Banham Group: Haemato-Oncology Group

Monoclonal Antibodies

Historically, we are experts in the production, characterisation and validation of monoclonal antibodies (mAbs). We are one of the founding members of EuroMabNet, a European network of laboratories involved in the production of mAbs. We have contributed to guidelines for antibody validation, and are also involved in running international workshops to teach young scientists how to approach this effectively.

Novel Immunotherapy Development

We aim to use mAbs to identify new diagnostic and prognostic biomarkers, and as novel cancer therapies. Our most recently developed anti-Jagged1 therapeutic mAbs target the tumour vasculature and inhibit Notch signalling in both solid tumours and haematological malignancies. We are also developing TCR mimic (TCRm) mAbs. These combine the ability of mAbs to bind targets with high affinity and specificity with the ability of T-cell receptors to recognise short peptides derived from intracellular proteins that are presented on the cell surface by major histocompatibility (MHC) class I. This expands the repertoire of antibody targets beyond that of classical cell surface molecules.
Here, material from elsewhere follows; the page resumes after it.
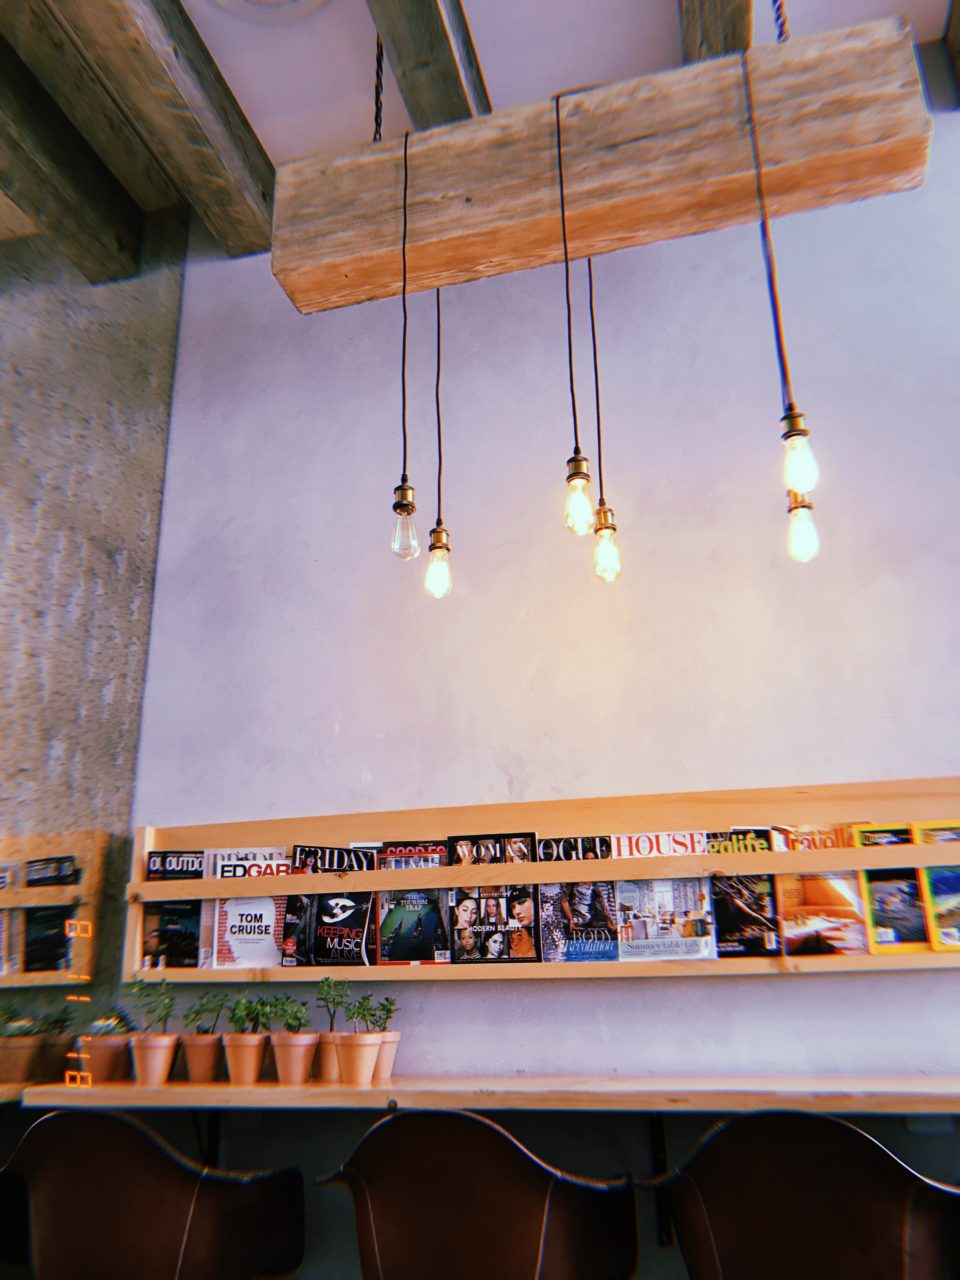 lifestyle redesign  - 2018 08 11 102936.109 960x1280 - Lifestyle Sunday: Review of IZU Bakery in Dubai

We are currently evaluating the efficacy and specificity of novel TCRm antibodies against the p53 oncosuppressor. 

Transcription Factor Biology

We also study the biology of transcription factors whose expression is clinically relevant in B-cell lymphomas and multiple myeloma. Both B-cell lymphomas and myeloma are tumours derived from B-cells; B-cell lymphomas can reflect different stages of normal B-lymphocyte maturation, whereas myeloma is derived from terminally-differentiated plasma cells. There are many different types of lymphoma that need to be accurately identified in order to provide the most appropriate therapy, and we are especially interested in mature B-cell lymphomas. Diffuse large B-cell lymphoma (DLCBL) is the most common subtype and there is a need to improve currently available therapies as many patients still die of this aggressive disease.

Our group has a particular interest in understanding the role of de-regulated transcription factors in lymphoma, especially the FOXP family of forkhead transcription factors. We have shown that FOXP1 expression is significantly associated with patients’ survival of DLBCL, and can repress antigen presentation in high-risk DLBCL. We are currently using CRISPR/Cas9-mediated genome engineering to silence FOXP1 isoforms in order to further explore the role of FOXP1 in tumour immune surveillance. We are also interested in the role of FOXP2 and whether it has an overlapping or a reciprocal function with FOXP1 in DLBCL and myeloma. Although we primarily study haematological malignancies, we also extend our studies into other types of cancer when this is appropriate.

In addition to the FOXP family, the cancer-testis antigen (CTA) PASD1 is also actively being studied. CTAs represent particularly attractive immunotherapy targets because they are expressed in tumours while their normal tissue expression is restricted to the testis. Our lab identified PASD1 as immunogenic in patients with DLBCL, and we recently demonstrated that it plays a role in regulating the circadian clock. The circadian clock enables living organisms to coordinate the timing of their biology and behaviour with a daily day-night cycle. PASD1 also represents a potential therapeutic target for lymphoma and myeloma.